Le bon sens plaide en faveur de l’essai de la chloroquine
Là où l’effet « waouh » se manifeste, c’est lorsque l’on constate que la concentration virale chute à zéro entre le 5e et le 6e jour chez les patients aux deux molécules quand le groupe témoin non traité montre que 90 % des tests prouvent que le virus est bien actif après une semaine.
Alors, Didier Raoult a-t-il vraiment sifflé la « fin de la partie » ? Au vu des réactions parfois spectaculaires de certains de ses confrères/sœurs (dont, entre autres, la professeure Karine Lacombe, cheffe du service des maladies virales à l’hôpital Saint-Antoine à Paris, propulsée sur tous les plateaux télé avant son « confinement »), le doute surgit. Critiques face au protocole, choqué/es par la présentation des résultats, ils/elles mettent en doute la comparaison possible entre malades traités et non traités, en fonction de l’état de leur contamination. Surtout, ils/elles tremblent d’indignation face au non-respect des procédures scientifiquement rigoureuses, quand bien même des tests ad hoc exigeraient un tel délai que l’on aurait validé un médicament après la chute de la pandémie…
Pourtant, de plus en plus de sachants, y compris des médecins, plaident pour l’hydroxychloroquine (le Plaquenil) par défaut : dès lors que les risques secondaires évoqués ne sont sensibles qu’au-delà de la dose prescrite, pourquoi ne pas tenter de l’administrer à des malades en phase aiguë ? Comme le bon sens d’un Alain Bauer le souligne, soit l’effet sera nul, soit il sera salvateur…

La folie Plaquenil
L’Organisation mondiale de la santé (OMS) vient d’ajouter l’hydroxychloroquine dans les recherches prioritaires contre le nouveau coronavirus. Il s’agira de décider très vite, en outre, si la molécule ne pourrait se voir prescrite aux soignants, en préventif. Là où l’«espoir » Raoult s’applique, c’est quand des médecins « à titre compassionnel » l’administrent à des patients critiques. La bêtise, dont on n’est pas à l’abri, serait de se précipiter dans les pharmacies pour s’autoadministrer le Plaquenil. Or le ministre de la Santé, Olivier Véran, vient de trancher : le Plaquenil est limité aux cas avérés. Comment se fait-il, dès lors, que bon nombre de pharmacies se retrouvent en rupture ? Soit les pharmaciens ont délivré le médicament sans ordonnance (quasiment impossible), soit des médecins généralistes ont cédé à la pression de leurs patients (ou ont été convaincus de l’efficacité de l’antipaludique). Premières victimes de ces ruptures de stock, les destinataires prioritaires de l’hydroxychloroquine, atteint/es de lupus ou de polyarthrite rhumatoïde. Sanofi, le laboratoire producteur, a déjà confirmé qu’au cas où le médicament serait validé, sa capacité de production serait suffisante pour fournir au-delà des besoins de ces patients prioritaires. Mais si jamais les semaines à venir confirment l’avantage de la molécule décriée, les autorités de santé ne sont pas au bout de leur descente aux enfers…
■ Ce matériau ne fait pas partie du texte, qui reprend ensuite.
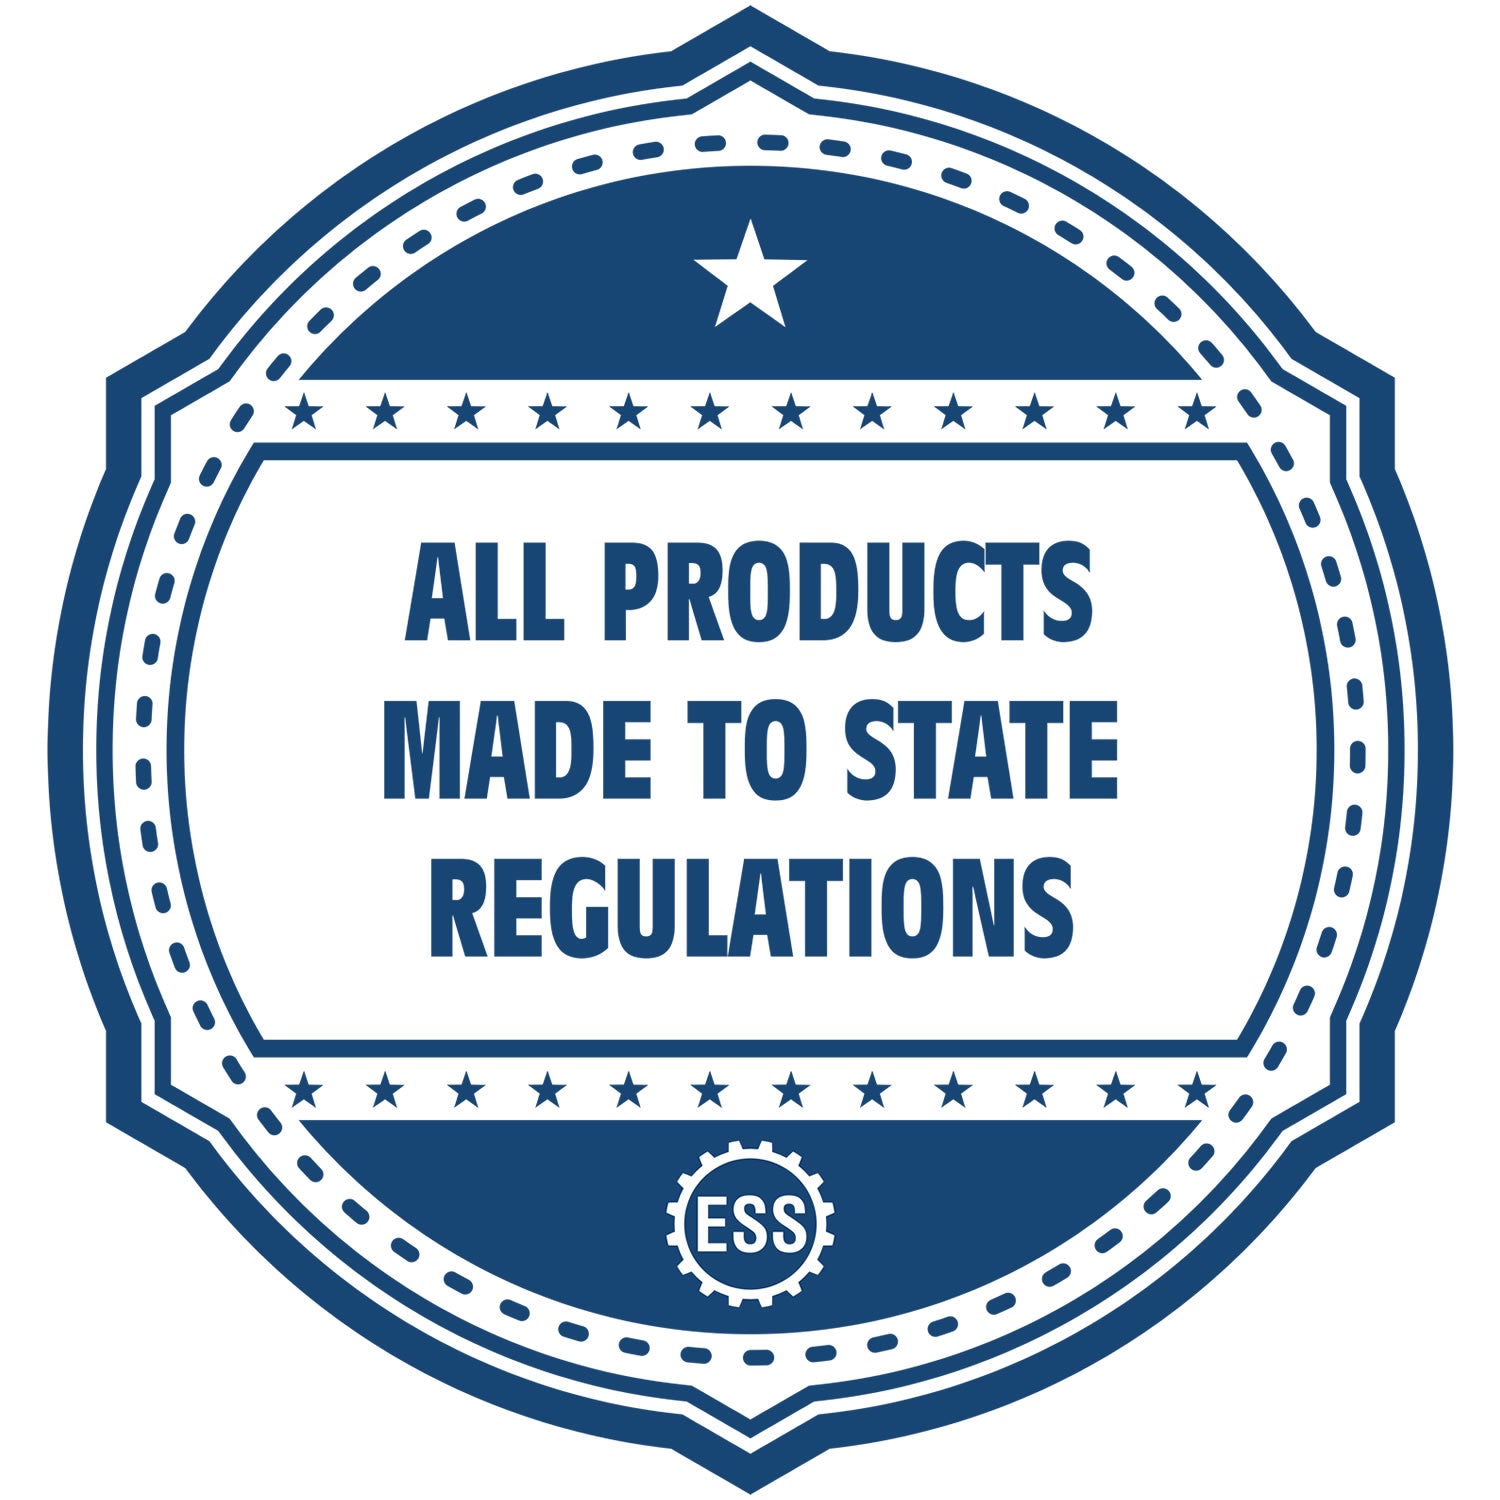 An icon or badge element for the Self-Inking Delaware PE Stamp showing that this product is made in compliance with state regulations.

D’autres médicaments restent dans la course

L’hydroxychloroquine a beau tenir la corde des médicaments espoirs, plus de 240 essais thérapeutiques battent leur plein en Chine et désormais ailleurs dans le monde. À ce jour, deux solutions d’« urgence » très différentes font l’objet de toute l’attention : les antiviraux existants, à commencer par le remdesivir, déjà déployé contre le virus Ebola – sans succès probant – et le Kaletra, ciblé VIH. Et les anticorps, tirés du plasma des patients chinois « guéris » : ils ont montré pouvoir faire baisser la charge virale des patients critiques.